[Work to be completed] Lines that include the string "Seite" are the ones to copy from the entries below.

---------- Data supplied ----------

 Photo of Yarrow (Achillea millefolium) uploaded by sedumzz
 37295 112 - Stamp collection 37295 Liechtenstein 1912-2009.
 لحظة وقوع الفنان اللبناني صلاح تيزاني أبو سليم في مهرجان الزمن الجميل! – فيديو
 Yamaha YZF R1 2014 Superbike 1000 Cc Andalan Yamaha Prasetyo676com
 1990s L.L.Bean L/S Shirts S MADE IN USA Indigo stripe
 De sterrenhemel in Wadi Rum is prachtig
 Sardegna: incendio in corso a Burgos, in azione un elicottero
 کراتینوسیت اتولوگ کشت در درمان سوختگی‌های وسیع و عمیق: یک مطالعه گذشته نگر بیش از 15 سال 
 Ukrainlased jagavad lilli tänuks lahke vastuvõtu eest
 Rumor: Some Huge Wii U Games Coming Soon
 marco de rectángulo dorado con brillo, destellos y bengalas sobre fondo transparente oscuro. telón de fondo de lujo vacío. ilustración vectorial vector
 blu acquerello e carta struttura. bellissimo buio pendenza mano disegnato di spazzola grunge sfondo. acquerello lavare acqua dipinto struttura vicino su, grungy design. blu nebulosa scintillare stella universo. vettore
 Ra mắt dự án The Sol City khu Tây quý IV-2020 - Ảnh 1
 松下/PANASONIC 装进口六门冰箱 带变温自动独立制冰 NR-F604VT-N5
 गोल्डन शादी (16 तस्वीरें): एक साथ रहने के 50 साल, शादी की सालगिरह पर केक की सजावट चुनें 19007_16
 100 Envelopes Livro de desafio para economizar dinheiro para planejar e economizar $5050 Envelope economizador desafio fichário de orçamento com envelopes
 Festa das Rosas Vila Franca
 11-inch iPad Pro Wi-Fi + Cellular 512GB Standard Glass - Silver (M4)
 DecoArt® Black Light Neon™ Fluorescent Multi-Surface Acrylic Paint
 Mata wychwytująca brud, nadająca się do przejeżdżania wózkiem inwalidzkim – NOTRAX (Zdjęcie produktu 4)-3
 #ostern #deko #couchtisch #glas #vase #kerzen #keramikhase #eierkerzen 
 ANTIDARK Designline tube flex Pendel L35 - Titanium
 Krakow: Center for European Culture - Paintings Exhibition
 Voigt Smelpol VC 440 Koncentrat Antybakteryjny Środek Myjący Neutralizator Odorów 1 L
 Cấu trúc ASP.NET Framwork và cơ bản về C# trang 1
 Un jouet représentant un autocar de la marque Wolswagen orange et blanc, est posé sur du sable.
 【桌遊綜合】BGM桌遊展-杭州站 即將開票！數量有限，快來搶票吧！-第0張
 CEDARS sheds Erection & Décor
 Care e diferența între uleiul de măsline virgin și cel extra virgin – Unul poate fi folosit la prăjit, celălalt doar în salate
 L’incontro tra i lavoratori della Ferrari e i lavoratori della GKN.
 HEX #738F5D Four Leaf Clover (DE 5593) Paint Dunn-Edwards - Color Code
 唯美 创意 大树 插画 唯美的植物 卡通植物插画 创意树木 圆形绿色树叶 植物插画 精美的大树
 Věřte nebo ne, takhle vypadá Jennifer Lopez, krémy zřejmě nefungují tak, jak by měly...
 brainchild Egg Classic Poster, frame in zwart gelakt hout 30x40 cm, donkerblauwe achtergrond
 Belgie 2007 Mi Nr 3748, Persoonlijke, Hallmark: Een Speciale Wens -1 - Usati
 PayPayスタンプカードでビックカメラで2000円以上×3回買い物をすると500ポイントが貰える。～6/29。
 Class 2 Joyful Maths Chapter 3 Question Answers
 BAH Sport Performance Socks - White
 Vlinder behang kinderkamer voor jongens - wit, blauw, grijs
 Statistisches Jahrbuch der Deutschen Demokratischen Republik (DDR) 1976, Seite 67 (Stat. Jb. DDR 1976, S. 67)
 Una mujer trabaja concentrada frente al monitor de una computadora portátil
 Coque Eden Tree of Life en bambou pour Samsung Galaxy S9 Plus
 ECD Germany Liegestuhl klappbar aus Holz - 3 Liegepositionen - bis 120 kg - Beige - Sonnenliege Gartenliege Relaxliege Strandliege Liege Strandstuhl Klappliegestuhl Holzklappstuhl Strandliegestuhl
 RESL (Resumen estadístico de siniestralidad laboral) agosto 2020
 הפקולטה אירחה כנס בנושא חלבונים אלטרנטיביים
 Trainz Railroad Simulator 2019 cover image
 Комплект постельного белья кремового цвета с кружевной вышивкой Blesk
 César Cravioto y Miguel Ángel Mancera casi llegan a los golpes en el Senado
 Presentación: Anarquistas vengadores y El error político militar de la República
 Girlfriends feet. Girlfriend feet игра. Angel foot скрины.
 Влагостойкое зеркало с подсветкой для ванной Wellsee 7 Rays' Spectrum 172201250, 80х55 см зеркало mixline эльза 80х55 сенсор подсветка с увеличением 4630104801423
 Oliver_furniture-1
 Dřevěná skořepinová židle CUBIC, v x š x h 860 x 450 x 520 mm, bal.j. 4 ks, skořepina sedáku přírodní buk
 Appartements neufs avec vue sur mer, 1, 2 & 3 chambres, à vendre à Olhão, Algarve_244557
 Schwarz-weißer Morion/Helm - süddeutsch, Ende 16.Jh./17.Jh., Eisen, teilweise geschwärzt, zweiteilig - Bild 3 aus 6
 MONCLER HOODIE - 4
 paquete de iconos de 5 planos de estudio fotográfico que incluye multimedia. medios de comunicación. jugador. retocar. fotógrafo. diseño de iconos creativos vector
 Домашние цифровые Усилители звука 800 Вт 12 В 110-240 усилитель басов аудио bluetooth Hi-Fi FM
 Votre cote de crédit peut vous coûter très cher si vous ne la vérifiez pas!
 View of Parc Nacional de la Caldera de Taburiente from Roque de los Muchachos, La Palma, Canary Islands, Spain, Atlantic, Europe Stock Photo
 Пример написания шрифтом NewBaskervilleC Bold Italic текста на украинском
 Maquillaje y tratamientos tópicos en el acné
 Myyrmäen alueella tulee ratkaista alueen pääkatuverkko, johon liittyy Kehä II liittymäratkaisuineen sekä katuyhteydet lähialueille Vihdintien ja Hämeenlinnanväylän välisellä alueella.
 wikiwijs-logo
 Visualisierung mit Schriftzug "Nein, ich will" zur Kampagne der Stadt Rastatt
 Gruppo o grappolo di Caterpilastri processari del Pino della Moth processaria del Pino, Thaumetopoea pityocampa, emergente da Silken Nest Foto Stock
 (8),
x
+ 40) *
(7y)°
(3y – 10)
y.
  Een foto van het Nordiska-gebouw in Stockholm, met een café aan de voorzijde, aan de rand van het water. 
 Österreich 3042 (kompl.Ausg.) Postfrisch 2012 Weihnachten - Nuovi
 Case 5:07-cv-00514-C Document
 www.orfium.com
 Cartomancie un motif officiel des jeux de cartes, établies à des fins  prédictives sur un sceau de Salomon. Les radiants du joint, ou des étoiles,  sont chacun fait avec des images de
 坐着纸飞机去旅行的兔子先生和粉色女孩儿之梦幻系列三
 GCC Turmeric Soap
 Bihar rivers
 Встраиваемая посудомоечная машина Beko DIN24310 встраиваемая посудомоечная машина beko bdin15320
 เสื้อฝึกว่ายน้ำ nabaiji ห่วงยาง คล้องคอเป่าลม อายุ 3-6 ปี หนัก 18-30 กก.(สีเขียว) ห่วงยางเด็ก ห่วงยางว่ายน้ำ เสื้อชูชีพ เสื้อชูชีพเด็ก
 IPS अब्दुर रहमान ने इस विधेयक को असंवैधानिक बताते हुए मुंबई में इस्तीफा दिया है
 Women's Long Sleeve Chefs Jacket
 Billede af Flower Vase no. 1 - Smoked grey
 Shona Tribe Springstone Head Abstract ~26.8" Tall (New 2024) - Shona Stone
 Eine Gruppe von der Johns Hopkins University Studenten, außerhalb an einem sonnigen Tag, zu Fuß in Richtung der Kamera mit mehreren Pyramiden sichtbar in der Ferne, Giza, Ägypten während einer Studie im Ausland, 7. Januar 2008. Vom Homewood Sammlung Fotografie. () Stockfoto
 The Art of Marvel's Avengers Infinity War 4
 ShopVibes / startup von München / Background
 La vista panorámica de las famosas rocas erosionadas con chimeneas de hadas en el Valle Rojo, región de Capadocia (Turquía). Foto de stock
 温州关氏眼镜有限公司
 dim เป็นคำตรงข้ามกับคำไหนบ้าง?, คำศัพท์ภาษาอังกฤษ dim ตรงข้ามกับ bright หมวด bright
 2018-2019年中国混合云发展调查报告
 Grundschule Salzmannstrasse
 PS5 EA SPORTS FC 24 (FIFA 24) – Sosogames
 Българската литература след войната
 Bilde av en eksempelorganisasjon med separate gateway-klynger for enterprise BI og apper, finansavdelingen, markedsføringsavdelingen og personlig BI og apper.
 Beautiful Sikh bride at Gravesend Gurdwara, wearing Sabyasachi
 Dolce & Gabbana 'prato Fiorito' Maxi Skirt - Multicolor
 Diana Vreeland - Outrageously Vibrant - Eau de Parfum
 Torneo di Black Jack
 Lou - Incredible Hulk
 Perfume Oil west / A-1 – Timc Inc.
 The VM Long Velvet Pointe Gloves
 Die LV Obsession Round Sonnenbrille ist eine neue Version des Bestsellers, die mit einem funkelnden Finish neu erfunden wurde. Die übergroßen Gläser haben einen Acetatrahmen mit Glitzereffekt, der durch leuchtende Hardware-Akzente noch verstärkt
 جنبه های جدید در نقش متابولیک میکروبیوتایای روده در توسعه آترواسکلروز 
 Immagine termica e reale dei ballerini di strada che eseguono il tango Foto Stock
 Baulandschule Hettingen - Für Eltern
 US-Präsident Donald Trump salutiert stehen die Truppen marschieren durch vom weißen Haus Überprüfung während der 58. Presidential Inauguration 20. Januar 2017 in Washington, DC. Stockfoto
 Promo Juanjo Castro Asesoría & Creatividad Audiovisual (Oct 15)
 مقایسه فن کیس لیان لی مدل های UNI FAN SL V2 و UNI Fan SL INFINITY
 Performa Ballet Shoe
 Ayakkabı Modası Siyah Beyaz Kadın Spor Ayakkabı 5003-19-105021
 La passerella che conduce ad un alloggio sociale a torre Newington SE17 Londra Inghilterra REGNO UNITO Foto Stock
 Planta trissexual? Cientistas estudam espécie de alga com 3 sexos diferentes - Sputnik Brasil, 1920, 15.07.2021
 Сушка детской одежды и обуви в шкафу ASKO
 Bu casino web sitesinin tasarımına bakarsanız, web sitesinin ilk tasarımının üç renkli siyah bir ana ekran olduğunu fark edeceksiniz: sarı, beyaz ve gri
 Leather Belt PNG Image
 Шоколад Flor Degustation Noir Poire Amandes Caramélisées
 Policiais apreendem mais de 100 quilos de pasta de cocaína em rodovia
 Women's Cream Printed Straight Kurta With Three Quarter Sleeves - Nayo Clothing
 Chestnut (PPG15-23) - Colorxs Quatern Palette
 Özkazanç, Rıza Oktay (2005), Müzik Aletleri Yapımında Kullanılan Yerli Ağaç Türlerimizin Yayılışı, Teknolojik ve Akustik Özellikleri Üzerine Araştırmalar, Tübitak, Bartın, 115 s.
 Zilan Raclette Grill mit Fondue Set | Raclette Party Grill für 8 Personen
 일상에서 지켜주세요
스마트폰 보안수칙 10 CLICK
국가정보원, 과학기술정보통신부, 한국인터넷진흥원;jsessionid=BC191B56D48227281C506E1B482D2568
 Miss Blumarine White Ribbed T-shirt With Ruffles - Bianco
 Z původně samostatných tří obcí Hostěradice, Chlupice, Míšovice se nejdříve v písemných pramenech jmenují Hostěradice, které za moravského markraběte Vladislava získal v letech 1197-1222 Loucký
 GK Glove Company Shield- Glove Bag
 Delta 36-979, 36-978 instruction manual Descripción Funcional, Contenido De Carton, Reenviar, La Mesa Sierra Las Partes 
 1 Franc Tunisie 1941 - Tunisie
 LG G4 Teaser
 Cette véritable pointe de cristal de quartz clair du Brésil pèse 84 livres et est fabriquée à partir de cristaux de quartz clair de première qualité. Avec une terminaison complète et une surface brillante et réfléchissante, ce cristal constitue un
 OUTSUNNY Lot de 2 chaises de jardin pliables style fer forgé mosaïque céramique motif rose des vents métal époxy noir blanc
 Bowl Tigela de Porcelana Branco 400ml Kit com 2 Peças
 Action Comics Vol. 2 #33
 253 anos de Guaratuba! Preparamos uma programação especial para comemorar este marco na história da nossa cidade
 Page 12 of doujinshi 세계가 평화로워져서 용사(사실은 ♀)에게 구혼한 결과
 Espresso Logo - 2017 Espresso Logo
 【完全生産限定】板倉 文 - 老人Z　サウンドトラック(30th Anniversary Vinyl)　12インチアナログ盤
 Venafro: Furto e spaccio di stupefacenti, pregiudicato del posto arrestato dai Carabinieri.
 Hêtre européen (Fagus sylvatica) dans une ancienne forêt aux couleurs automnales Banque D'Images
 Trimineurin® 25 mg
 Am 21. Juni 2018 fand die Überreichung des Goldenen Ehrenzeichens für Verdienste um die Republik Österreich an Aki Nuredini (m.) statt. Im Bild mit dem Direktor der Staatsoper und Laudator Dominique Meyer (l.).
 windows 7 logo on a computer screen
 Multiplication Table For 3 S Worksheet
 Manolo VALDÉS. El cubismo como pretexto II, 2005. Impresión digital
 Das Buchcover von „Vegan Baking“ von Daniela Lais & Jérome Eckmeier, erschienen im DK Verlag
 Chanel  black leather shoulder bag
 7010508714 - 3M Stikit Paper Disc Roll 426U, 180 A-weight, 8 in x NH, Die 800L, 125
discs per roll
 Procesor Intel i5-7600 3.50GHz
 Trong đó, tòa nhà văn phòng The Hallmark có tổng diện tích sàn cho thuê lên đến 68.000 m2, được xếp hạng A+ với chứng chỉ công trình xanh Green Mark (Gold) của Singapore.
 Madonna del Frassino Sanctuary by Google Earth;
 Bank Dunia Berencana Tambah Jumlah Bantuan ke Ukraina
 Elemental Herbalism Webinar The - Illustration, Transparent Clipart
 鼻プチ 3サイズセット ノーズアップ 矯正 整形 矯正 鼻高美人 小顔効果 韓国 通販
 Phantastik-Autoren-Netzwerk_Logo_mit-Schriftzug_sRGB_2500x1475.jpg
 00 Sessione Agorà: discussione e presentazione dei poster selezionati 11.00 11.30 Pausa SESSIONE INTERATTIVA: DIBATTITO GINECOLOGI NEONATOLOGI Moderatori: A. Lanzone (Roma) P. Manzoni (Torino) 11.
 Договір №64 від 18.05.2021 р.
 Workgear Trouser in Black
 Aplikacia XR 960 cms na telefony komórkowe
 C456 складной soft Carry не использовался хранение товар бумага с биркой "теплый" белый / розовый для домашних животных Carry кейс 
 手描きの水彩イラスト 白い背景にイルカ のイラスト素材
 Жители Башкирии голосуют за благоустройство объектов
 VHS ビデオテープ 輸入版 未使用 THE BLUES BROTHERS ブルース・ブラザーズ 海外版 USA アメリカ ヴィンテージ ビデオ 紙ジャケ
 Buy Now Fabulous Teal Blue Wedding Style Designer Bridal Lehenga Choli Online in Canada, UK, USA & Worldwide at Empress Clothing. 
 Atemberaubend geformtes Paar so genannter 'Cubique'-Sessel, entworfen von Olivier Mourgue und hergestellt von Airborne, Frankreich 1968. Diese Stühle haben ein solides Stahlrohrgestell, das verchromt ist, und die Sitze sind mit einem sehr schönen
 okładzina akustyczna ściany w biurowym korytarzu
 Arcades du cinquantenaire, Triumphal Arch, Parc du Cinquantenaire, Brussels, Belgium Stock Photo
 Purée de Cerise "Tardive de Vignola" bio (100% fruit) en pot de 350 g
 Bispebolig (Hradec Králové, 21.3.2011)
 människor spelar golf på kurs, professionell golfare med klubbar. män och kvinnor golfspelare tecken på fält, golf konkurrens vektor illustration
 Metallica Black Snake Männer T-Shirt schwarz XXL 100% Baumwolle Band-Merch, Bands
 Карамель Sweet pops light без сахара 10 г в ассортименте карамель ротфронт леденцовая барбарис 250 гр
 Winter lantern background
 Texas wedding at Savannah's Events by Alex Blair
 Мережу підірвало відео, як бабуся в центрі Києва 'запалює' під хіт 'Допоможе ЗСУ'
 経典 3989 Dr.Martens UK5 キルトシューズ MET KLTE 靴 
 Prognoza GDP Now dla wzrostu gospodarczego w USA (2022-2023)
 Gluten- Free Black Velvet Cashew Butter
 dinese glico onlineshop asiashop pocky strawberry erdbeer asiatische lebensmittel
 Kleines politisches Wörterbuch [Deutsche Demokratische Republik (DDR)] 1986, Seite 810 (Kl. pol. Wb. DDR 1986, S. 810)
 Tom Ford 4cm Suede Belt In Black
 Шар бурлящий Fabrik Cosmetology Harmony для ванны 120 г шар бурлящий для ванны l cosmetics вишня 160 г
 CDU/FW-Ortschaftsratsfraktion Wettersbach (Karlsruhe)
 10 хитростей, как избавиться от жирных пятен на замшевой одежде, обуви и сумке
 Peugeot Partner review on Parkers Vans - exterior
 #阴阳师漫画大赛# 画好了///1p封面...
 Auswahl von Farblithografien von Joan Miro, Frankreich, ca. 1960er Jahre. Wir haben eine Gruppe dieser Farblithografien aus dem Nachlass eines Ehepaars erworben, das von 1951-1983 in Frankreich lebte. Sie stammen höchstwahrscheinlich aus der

----------

[Exercise solution]
 Statistisches Jahrbuch der Deutschen Demokratischen Republik (DDR) 1976, Seite 67 (Stat. Jb. DDR 1976, S. 67)
 Kleines politisches Wörterbuch [Deutsche Demokratische Republik (DDR)] 1986, Seite 810 (Kl. pol. Wb. DDR 1986, S. 810)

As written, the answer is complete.